* _Task directions_
For each entry below, write an exact copy and leave out the images.

•••••

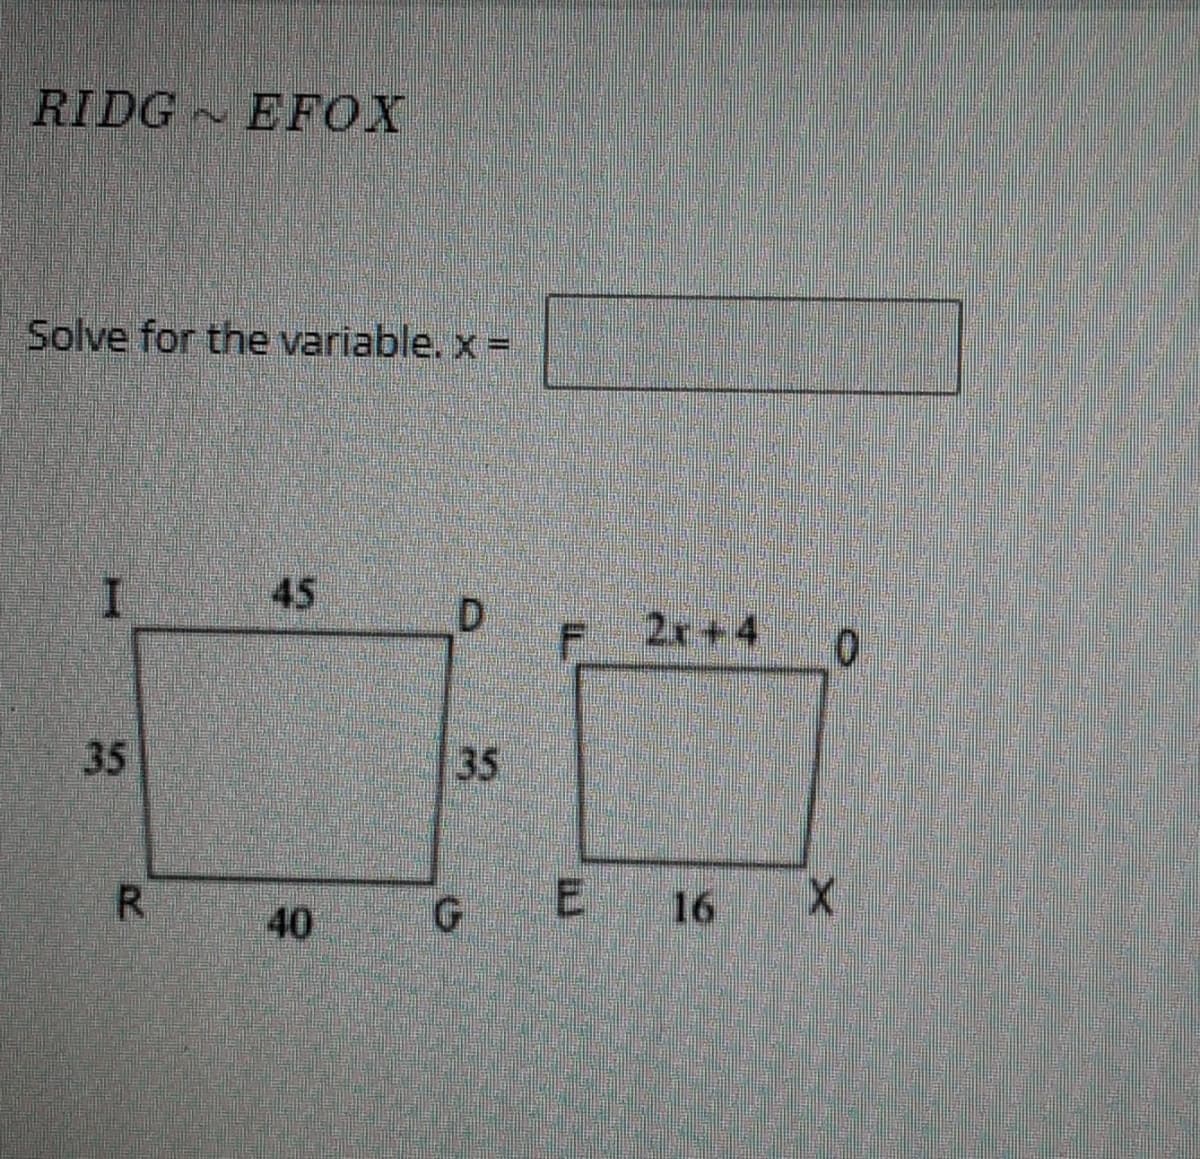 RIDG EFOX
Solve for the variable. x =
45
D F 2x+4
35
35
R
E 16
40

•••••

* _Response area_
 RIDG EFOX
Solve for the variable. x =
45
D F 2x+4
35
35
R
E 16
40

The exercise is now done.